Justus glared at him. “I am not a stranger to your people’s primitive beliefs, Alphaeus. Still, this boy is familiar.”

Joshua stared up at the centurion with a completely blank expression.

“You feel for these slaves, boy? You would free them if you could?”

Joshua nodded. “I would. A man’s spirit should be his own to give to God.”

“You know, there was a slave about eighty years ago who talked like you. He raised an army of slaves against Rome, beat back two of our armies, took over all the territories south of Rome. It’s a story every Roman soldier must learn.”

“Why, what happened?” I asked.

“We crucified him,” Justus said. “By the side of the road, and his body was eaten by ravens. The lesson we all learn is that nothing can stand against Rome. A lesson you need to learn, boy, along with your stonecutting.”

Just then another Roman soldier approached, a legionnaire, not wearing the cape or the helmet crest of the centurion. He said something to Justus in Latin, then looked at Joshua and paused. In rough Aramaic he said, “Hey, didn’t I see that kid on some bread once?”

“Wasn’t him,” I said.

“Really? Sure looks like him.”

“Nope, that was another kid on the bread.”

“It was me,” said Joshua.

I backhanded him across the forehead, knocking him to the ground. “No it wasn’t. He’s insane. Sorry.”

The soldier shook his head and hurried off after Justus.

I offered a hand to help Joshua up. “You’re going to have to learn to lie.”

“I am? But I feel like I’m here to tell the truth.”

“Yeah, sure, but not now.”

I don’t exactly know what I expected it would be like working as a stonemason, but I know that in less than a week Joshua was having second thoughts about not becoming a carpenter. Cutting great stones with small iron chisels was very hard work. Who knew?

“Look around, do you see any trees?” Joshua mocked. “Rocks, Josh, rocks.”

“It’s only hard because we don’t know what we’re doing. It will get easier.”

Joshua looked at my father, who was stripped to the waist, chiseling away on a stone the size of a donkey, while a dozen slaves waited to hoist it into place. He was covered with gray dust and streams of sweat drew dark lines between cords of muscle straining in his back and arms. “Alphaeus,” Joshua called, “does the work get easier once you know what you are doing?”

“Your lungs grow thick with stone dust and your eyes bleary from the sun and fragments thrown up by the chisel. You pour your lifeblood out into works of stone for Romans who will take your money in taxes to feed soldiers who will nail your people to crosses for wanting to be free.
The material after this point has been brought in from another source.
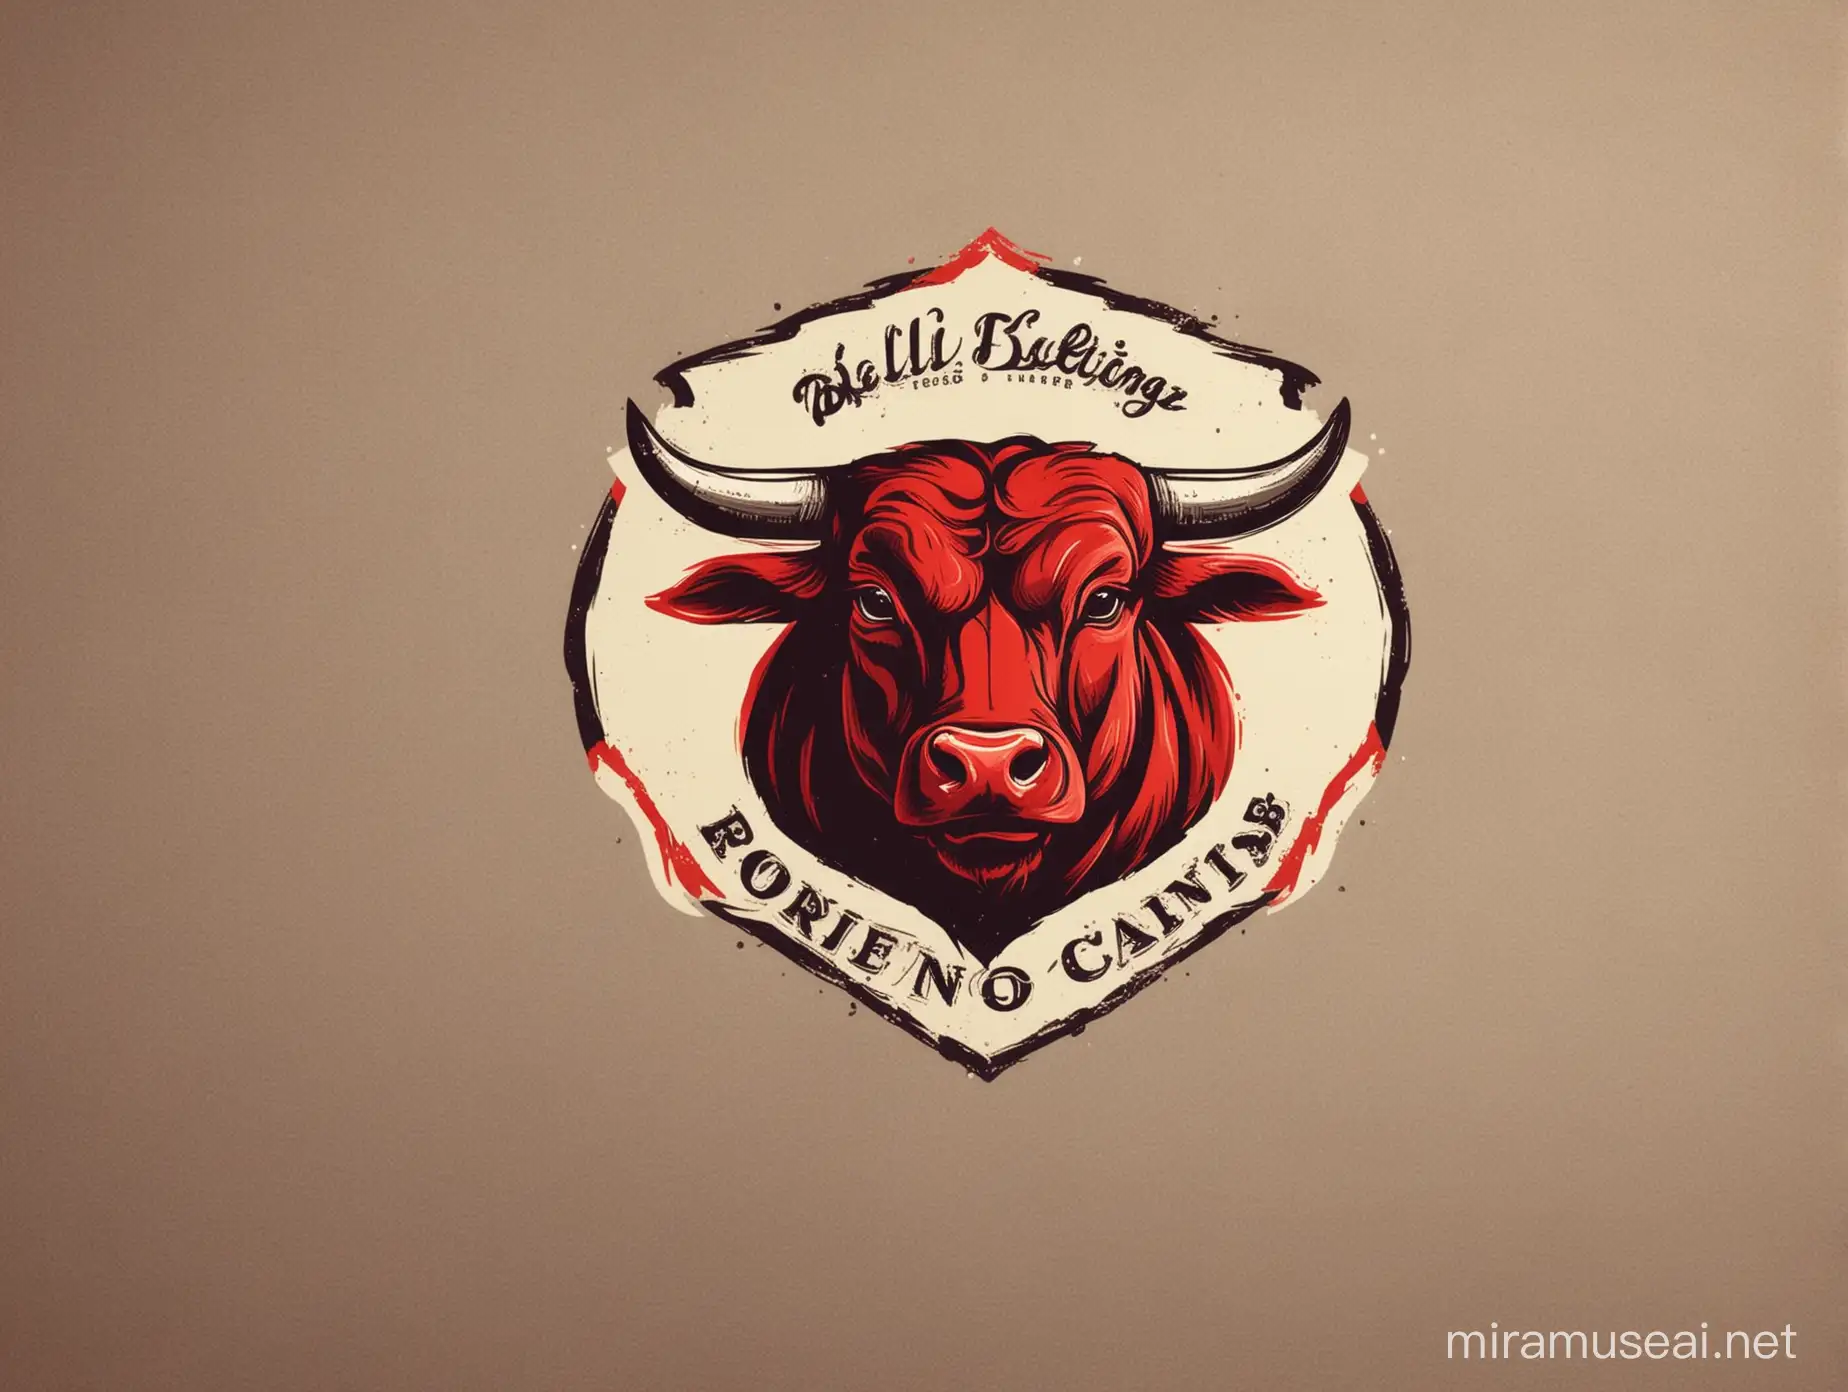 Bullfighting club company logo designs

Your back breaks, your bones creak, your wife screeches at you, and your children torment you with open, begging mouths, like greedy baby birds in the nest. You go to bed every night so tired and beaten that you pray to the Lord to send the angel of death to take you in your sleep so you don’t have to face another morning. It also has its downside.”

“Thanks,” Joshua said. He looked at me, one eyebrow raised.

“I for one, am excited,” I said. “I’m ready to cut some stone. Stand back, Josh, my chisel is on fire. Life is stretched out before us like a great bazaar, and I can’t wait to taste the sweets to be found there.”

Josh tilted his head like a bewildered dog. “I didn’t get that from your father’s answer.”

“It’s sarcasm, Josh.”

“Sarcasm?”

“It’s from the Greek, sarkasmos. To bite the lips. It means that you aren’t really saying what you mean, but people will get your point. I invented it, Bartholomew named it.”

“Well, if the village idiot named it, I’m sure it’s a good thing.”

“There you go, you got it.”

“Got what?”

“Sarcasm.”

“No, I meant it.”

“Sure you did.”

“Is that sarcasm?”

“Irony, I think.”

“What’s the difference?”

“I haven’t the slightest idea.”

“So you’re being ironic now, right?”

“No, I really don’t know.”

“Maybe you should ask the idiot.”

“Now you’ve got it.”

“What?”

“Sarcasm.”

“Biff, are you sure you weren’t sent here by the Devil to vex me?”